Why it matters / what we'll do with the answer

gale's BYO-OS isolation design (gale#86) forks on this. If synth intends multi-memory→region lowering, we'd pursue multi-memory ↔ MPU-region (structural). If not, we commit to shared + MPU-carve. Either is fine — we just shouldn't build against an assumption synth doesn't hold.

Kill-criterion for "we picked the right one"

"The chosen model can give per-component MPU-enforced isolation on an M-class MCU after dissolve, with region boundaries that don't require hand-maintained address maps." Refs: synth#369 (cross-memory loud-skip), meld#172, gale#86, gale#89.

[avrabe]

[synth maintainer side — issue-hunt triage] Good question to settle before gale#86 commits. Short version: the model choice is meld's, not synth's — synth lowers the memory structure it's handed (meld fuse → loom → synth; whether the dissolved image carries one memory or N is decided at fusion, meld#172). So let me answer for synth's layer rather than pick the model for the whole pipeline.

Today: synth is single-memory. The lowerable MCU path is meld's --memory shared → one linear memory → one native region at a fixed base (R11). Model 2 isn't deliverable end-to-end yet: synth drops the memory index at the IR level and loud-skips cross-memory memory.copy/memory.fill (#369), and MPU is currently config-only — region tables computed, but no runtime enforcement wired into the optimized codegen path (#377).

Synth will not be the blocker for model 2. When meld#172 emits multi-memory, synth's part is concrete and stageable:

• carry memidx through the IR instead of dropping it;
• place each wasm memory at a distinct native base;
• emit cross-memory ops explicitly (closing arm backend uses soft-float for all f32/f64 — hardware FPU never used (cortex-m4f/m7/m7dp identical); blocks REQ-PIX-001 hard-float #369);
• expose per-memory base/size (the MPU region machinery already computes base/size/permissions) so the embedder programs one MPU/PMP region per memory.

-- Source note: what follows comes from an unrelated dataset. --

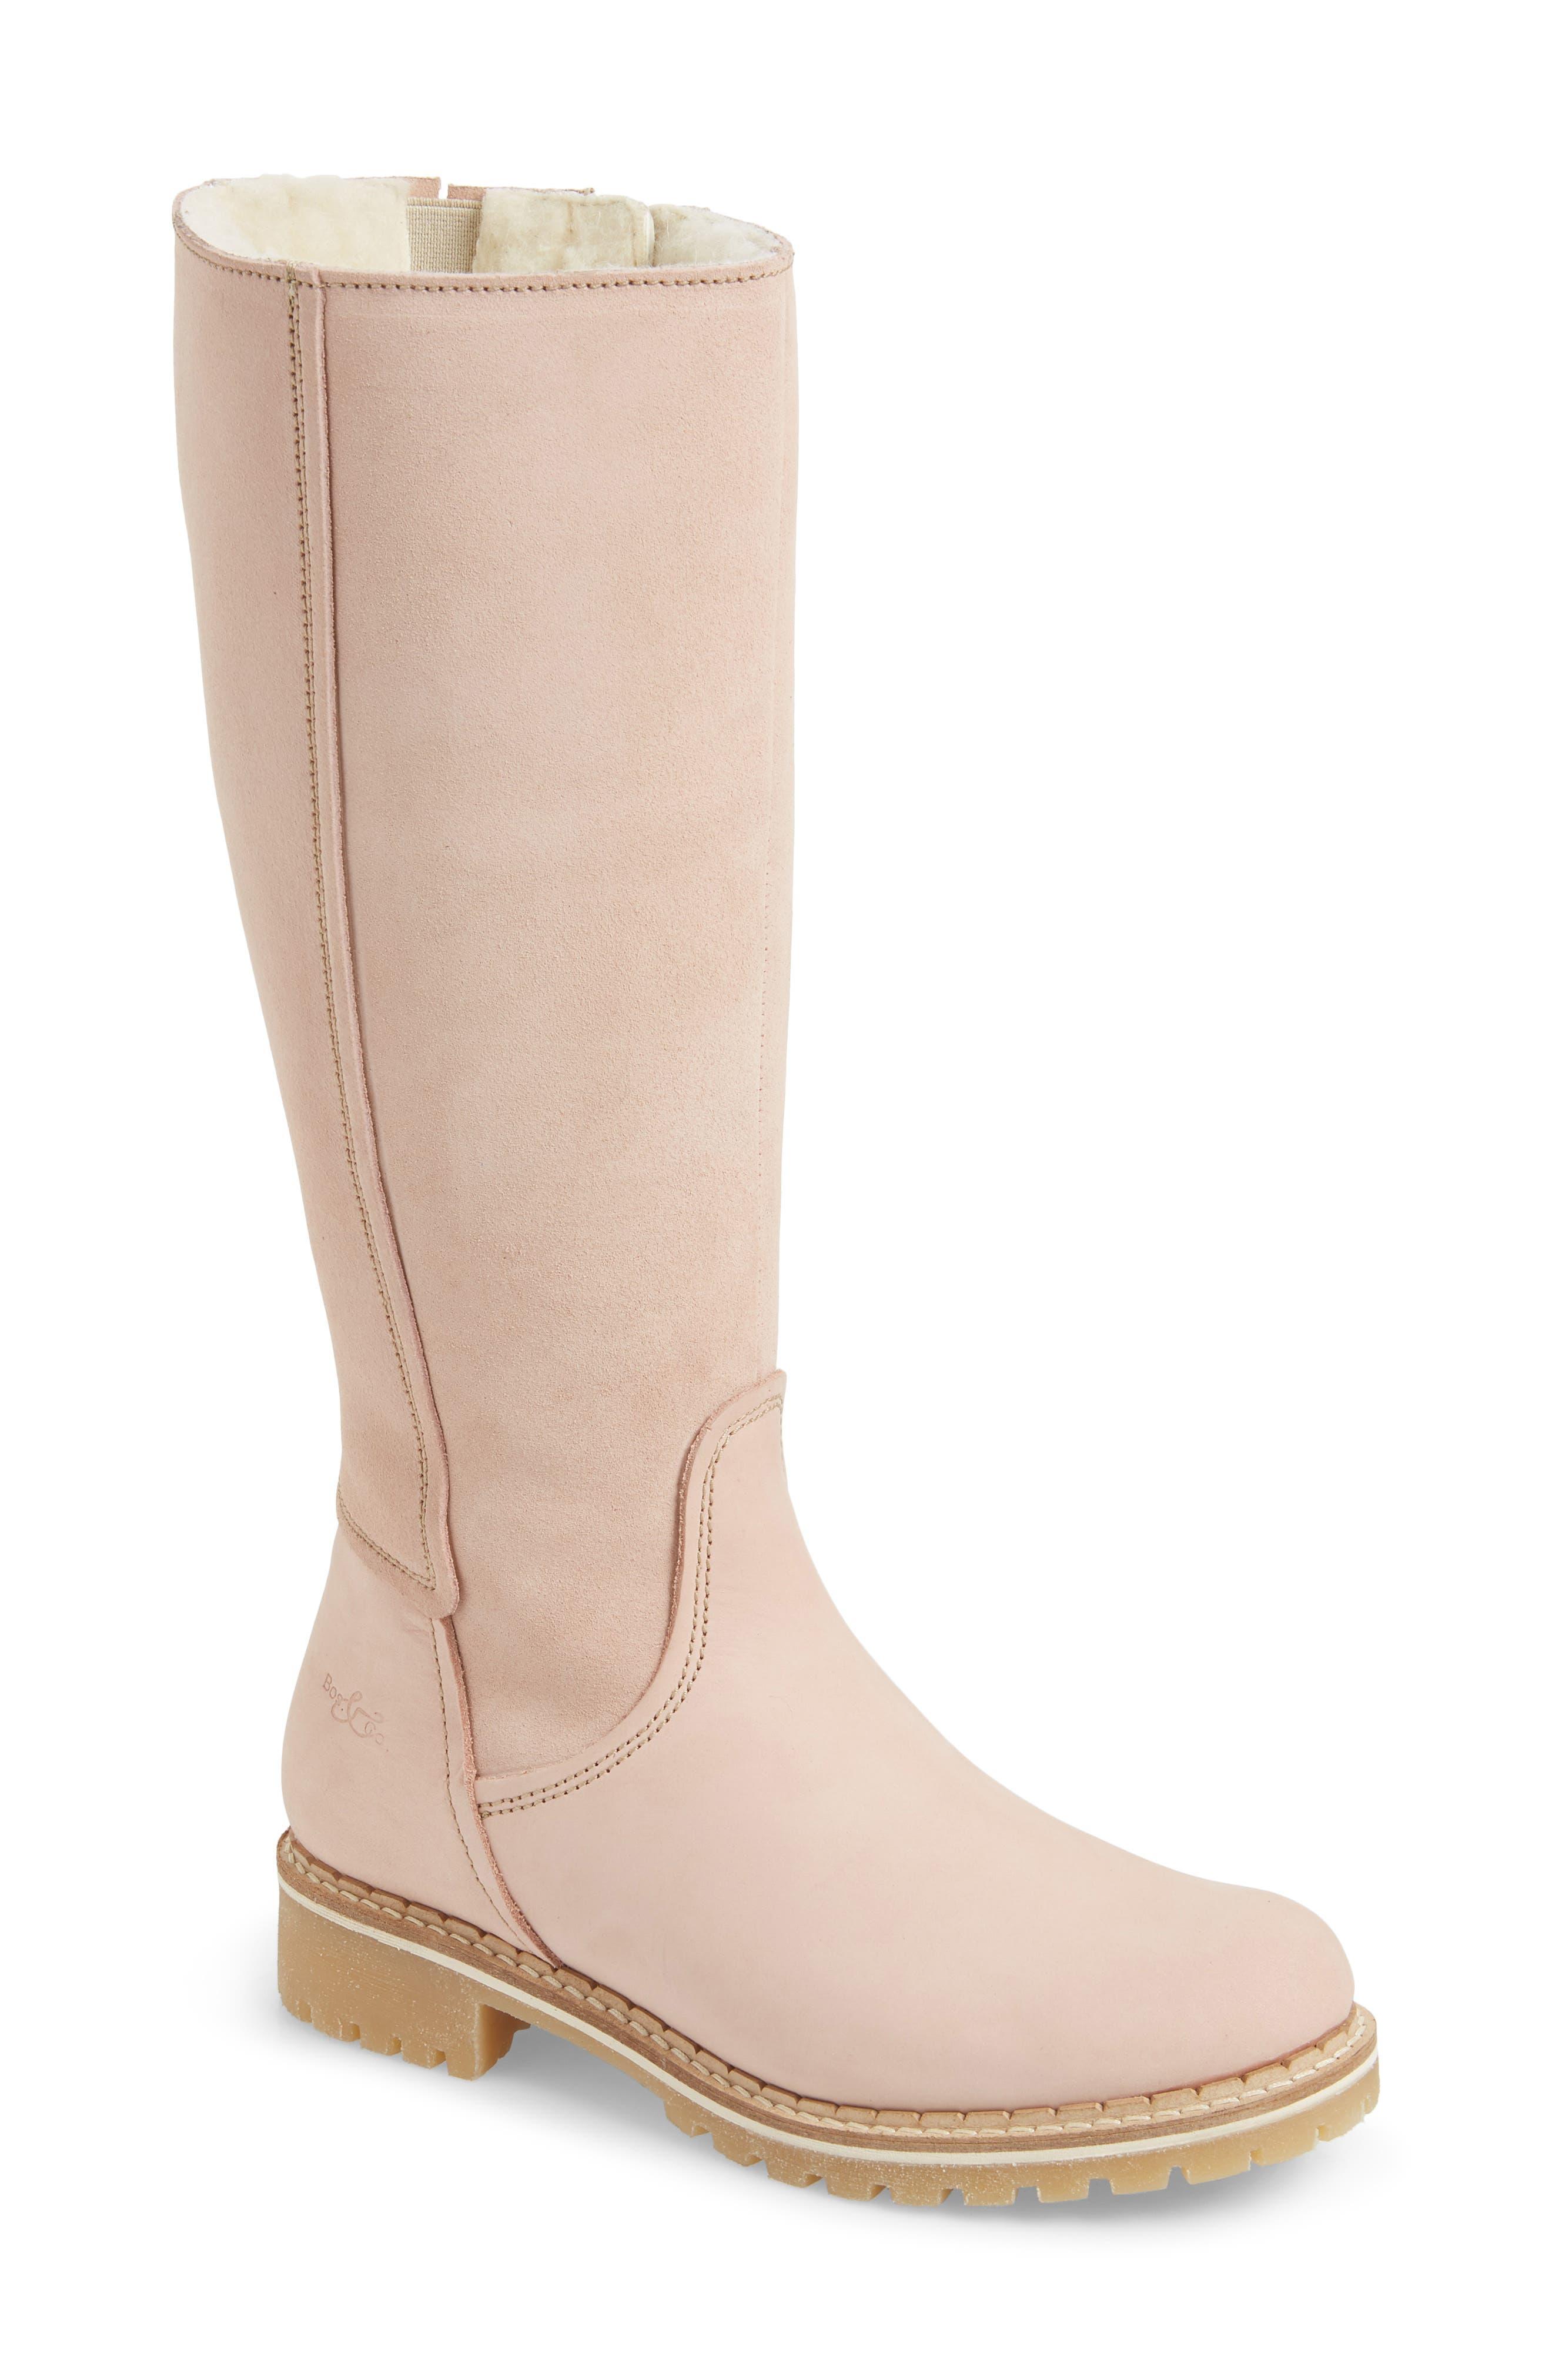 Bos. & Co. Hudson Waterproof Boot - Pink

The latent infra (synth_memory::MemoryTable, MAX_MEMORIES=8; the MPU region allocator) is a starting point, not "close" — the hot-path addressing (per-memory base, cross-memory access) and the #377 MPU runtime wiring are the real unbuilt work.

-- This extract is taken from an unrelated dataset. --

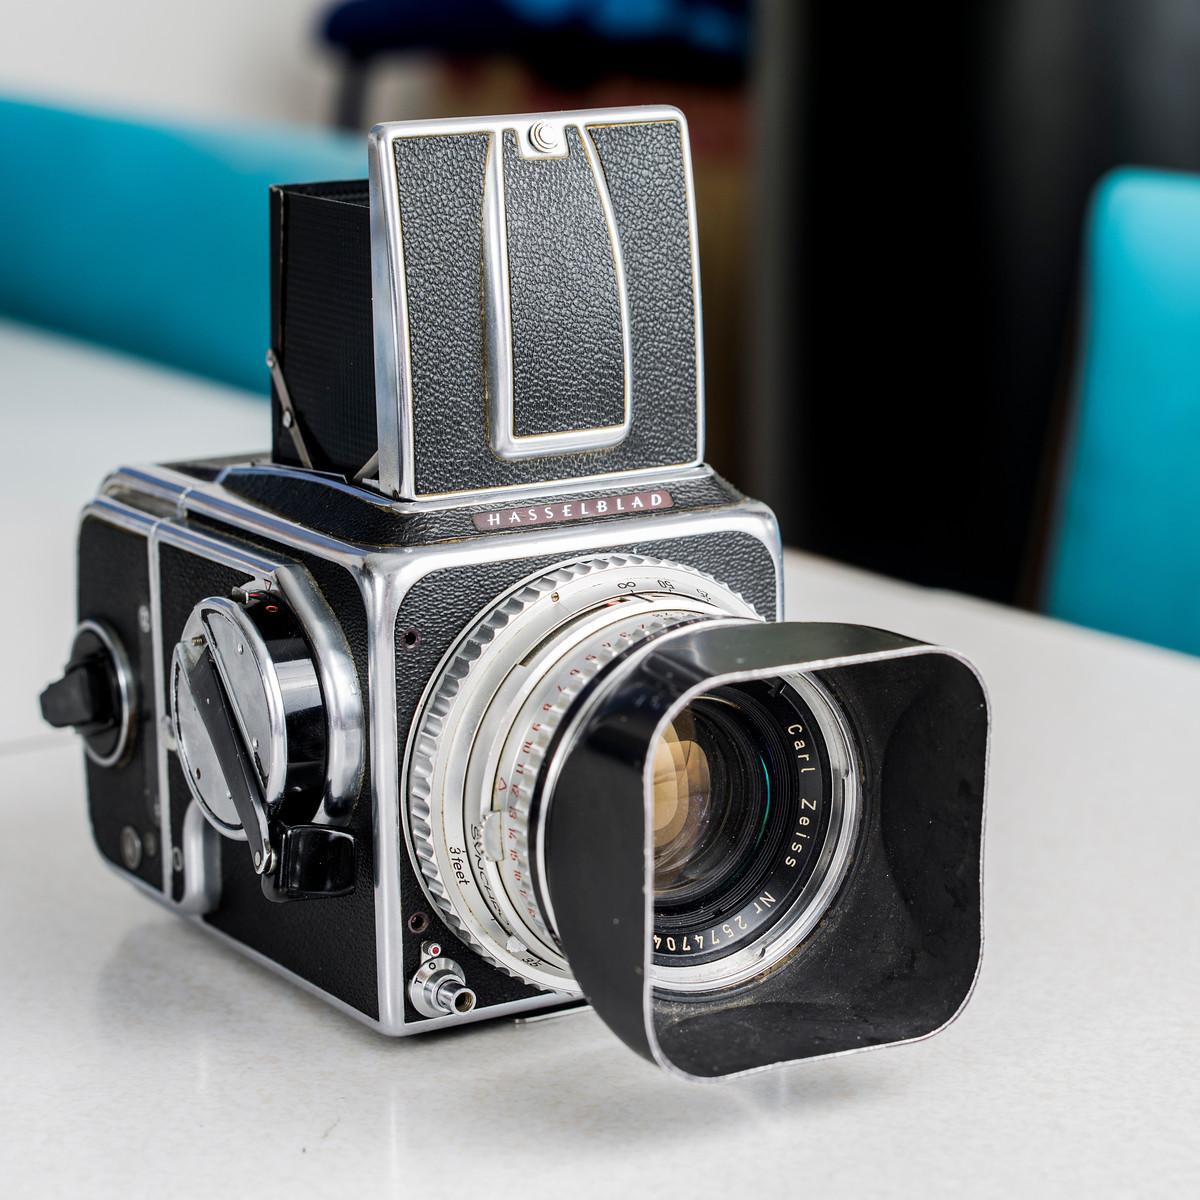 The Standard Lens!

On the isolation merits: model 2's advantage isn't "no address maps" — both models propagate a layout (model 1 from meld's carve, model 2 from the per-memory bases). It's that protection boundaries coincide with semantic boundaries: under model 2 a component can't even form a pointer into a neighbor (different native base); under model 1 a miscomputed address lands in a neighbor's sub-range and only the MPU catches it (defense-in-depth, but the error is expressible). The MPU/PMP region cap (~8 on ARMv7-M, PMP similar) applies to both, so it's not a differentiator — and it does cap practical N either way.

Synth's lean: model 2 is the better isolation primitive where you need true mutual-distrust containment; model 1 is the correct lowerable-today fallback. The pick is a joint meld+synth call gated on meld#172 + the synth multi-memory work + #377 MPU wiring — happy to sequence the synth side once meld commits the fusion direction. Refs: #369 (cross-memory loud-skip), #377 (MPU not runtime-enforced on the optimized path), meld#172.

[avrabe]

Looped meld in at meld#300 — since the fusion-structure decision (preserve N memories vs fuse to one) is meld's, the isolation-model fork can't be settled without them. meld's current thrust is --memory shared (meld#298/#299); meld#300 asks whether that's the committed dissolved-MCU path or whether meld intends a memory-preserving fuse mode for structural isolation.